A petition on GitHub is asking Adobe to release Flash into the hands of the open-source community. Finnish developer Juha Lindstedt started the petition a day after Adobe announced plans to end Flash support by the end of 2020.
"Flash is an important piece of Internet history and killing Flash means future generations can't access the past," Lindstedt explains in the petition's opening paragraph. "Games, experiments and websites would be forgotten."
The developer wants Adobe to open-source Flash or parts of its technology so the open-source community could take on the job of supporting a minimal version of the Flash plugin or at least create a tool to accurately convert old SWF and FLA files to modern HTML5, canvas data, or WebAssembly code.
The entire purpose of this project is to make sure a large chunk of archived web content, movies, or games doesn't die off in 2020, or in later years as browsers evolve, and the Flash plugin becomes noncompatible with modern tech.

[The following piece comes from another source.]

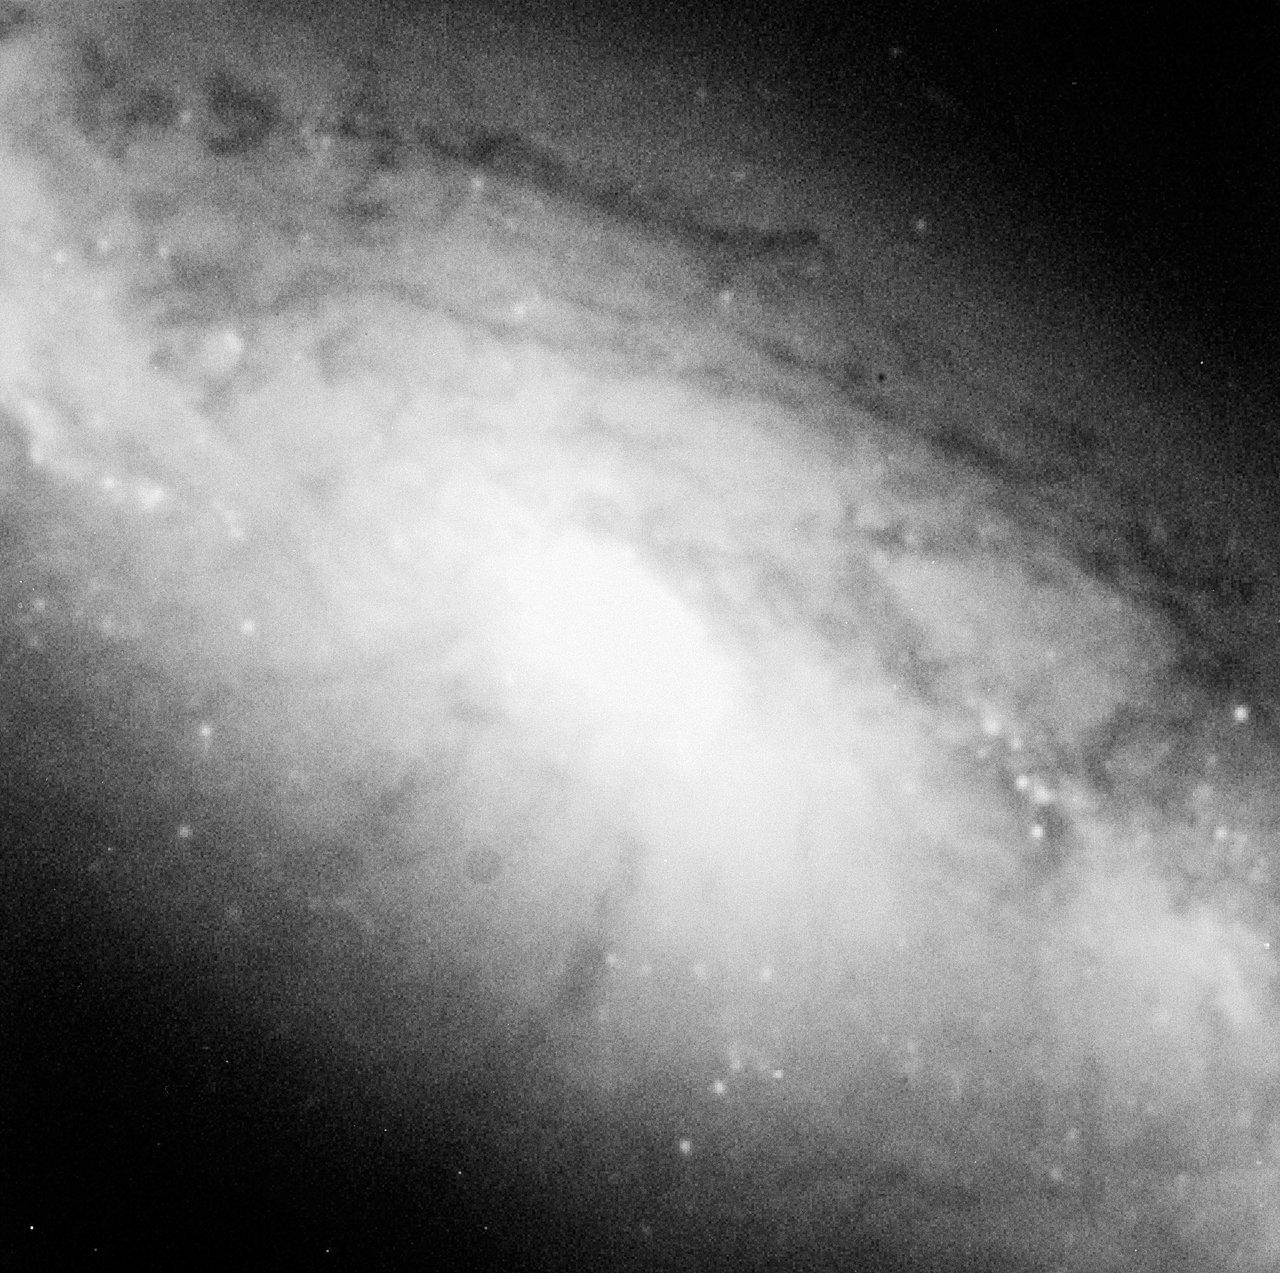 Galaxy NGC 1808

"Another possibility would be to have a separate browser," said Lindstedt about possible avenues to support older Flash content. "Don't know how, but that's the beauty of open source: you never know what will come up after you go open source!"
"We understand that there are licensed components you can not release. Simply leave them out with a note explaining what was removed. We will either bypass them or replace them with open source alternatives," the developer also added.
Lindstedt is asking users to sign the petition by starring the project on GitHub. At the time of writing, the petition has garnered over 3,000 stars.
Reaction from the open-source community has been mixed, with some praising Lindstedt's efforts to save a part of our collective Internet history, while others have used Flash's many security flaws to urge the developer to let it die forever.
Apple, Facebook, Google, Microsoft, and Mozilla have announced plans to deprecate and remove Flash from their products by 2020, so by that time Flash and its security issues should be a thing of the past. Flash is currently ranked seventh on a list of most vulnerable products of all time.
"Browsers plan to remove Flash from default configs anyway, so open-sourcing Flash for archival reasons makes sense," Daniel Popa, a former seller of Flash components on the old ActiveDen market told Bleeping Computer in an email today.